The students, selected by the Northern N.J. Gifted and Talented Student Consortium, participated in the ninth annual conference, typically held on Drew’s campus, in a three-hour virtual event.
The conference opened with remarks from Jinee Lokaneeta, chair and professor of political science and international relations, Patrick McGuinn, professor of political science and education, and Carlos Yordán, associate professor of political science and international relations. The participants also watched a short video highlighting Drew’s political science and UN-based opportunities.
Using Zoom breakout rooms, students were then split into groups—four “assemblies,” each with three “committees.” Each group was led by a Drew student volunteer.
“The Model UN Conference is a great opportunity for the Drew student volunteers to gain leadership experience and get the chance to share the knowledge they’ve learned in classes, campus programs, and clubs,” said McGuinn, who coordinates the event.
“Many of the Drew volunteers participated in the Model UN as middle school or high school students themselves.”
Prior to the event, the middle schoolers studied an assigned country and topic. This year, the topics were three of the UN’s Sustainable Development Goals (SDG): good health and wellbeing; clean water and sanitation; and reduced inequalities.
Students prepared position papers on their country’s perspectives on the given topic and how they felt the UN should respond.
“My favorite part of today’s activity was discussing and negotiating with the other countries,” said Katherine Williams, an 8th grader who represented Poland. “I really appreciate this opportunity!”
"I got to expand my researching, debating, and speaking skills all in this one event."
“I adored obtaining more information pertaining to the precise terminology that must be utilized,” said Sarah Carroll, who represented Afghanistan.
“My favorite part about Model UN was debating possible solutions to [the reduced inequalities topic],” added 8th-grade student Sean Curnow, representing Cuba. “I got to expand my researching, debating, and speaking skills all in this one event. It takes a lot of work to get information on one UN SDG for one country, let along 17 SDGs for 193 countries!”

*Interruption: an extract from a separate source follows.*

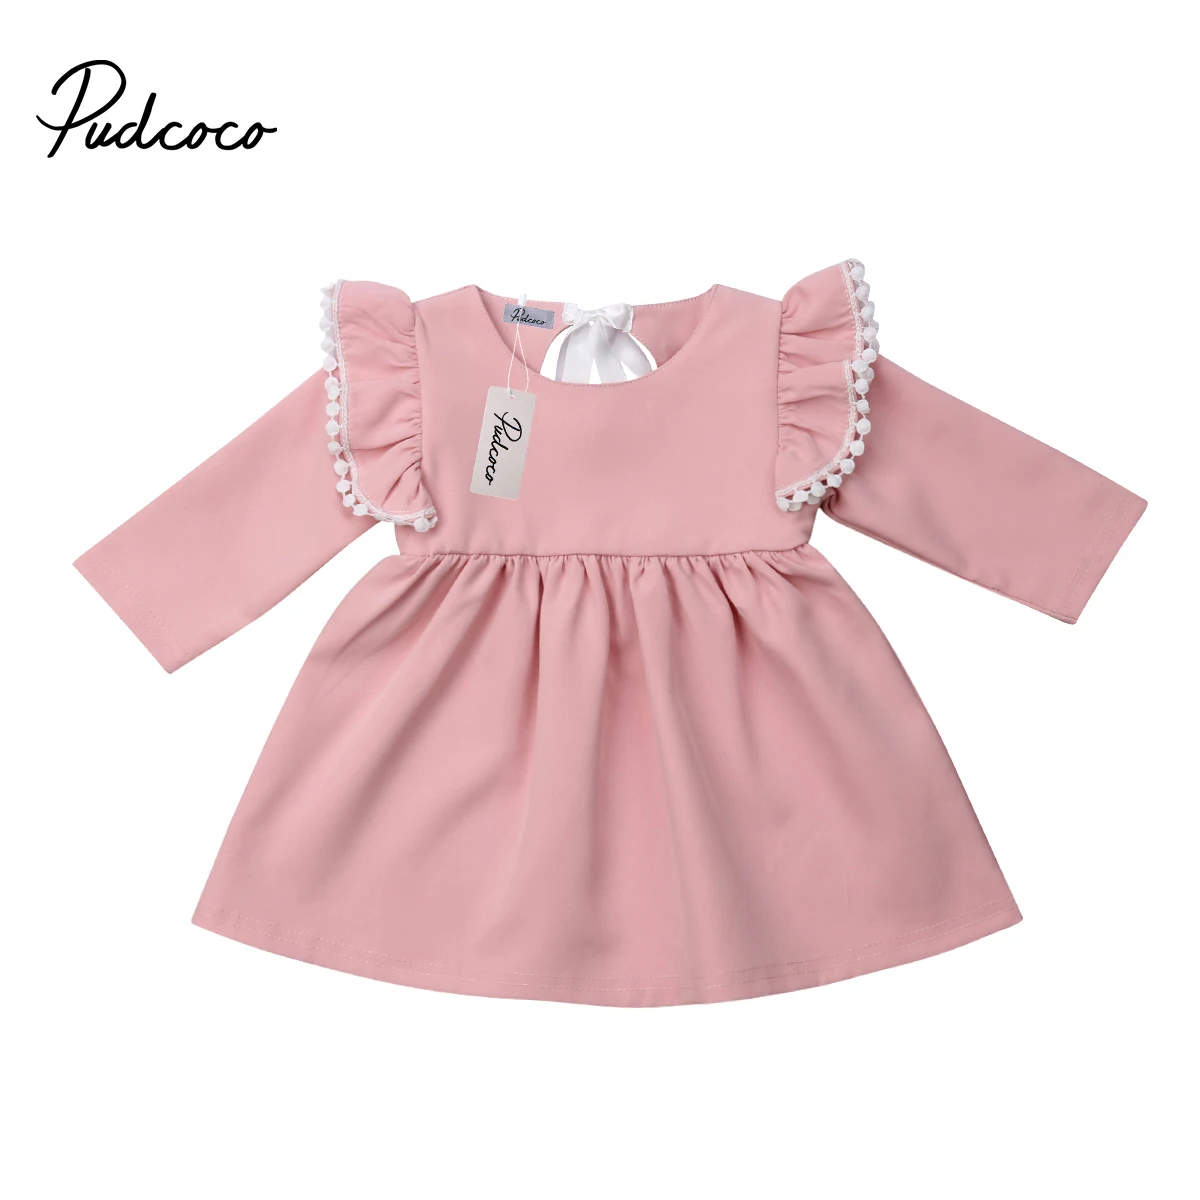 Новинка 2019 года Pudcoco, платье принцессы с оборками для новорожденных девочек вечерние детское платье для вечеринки, свадьбы, торжества

In all, the event was an immersive experience for Drew students and an engaging learning opportunity for some of New Jersey’s finest young scholars, who came away with an impressive view of Drew.
“I have been pondering a career in … international affairs/politics,” said Carroll, also an 8th grader. “It was a pleasure to acquaint myself with the opportunities Drew could [provide], especially while remaining close to home!”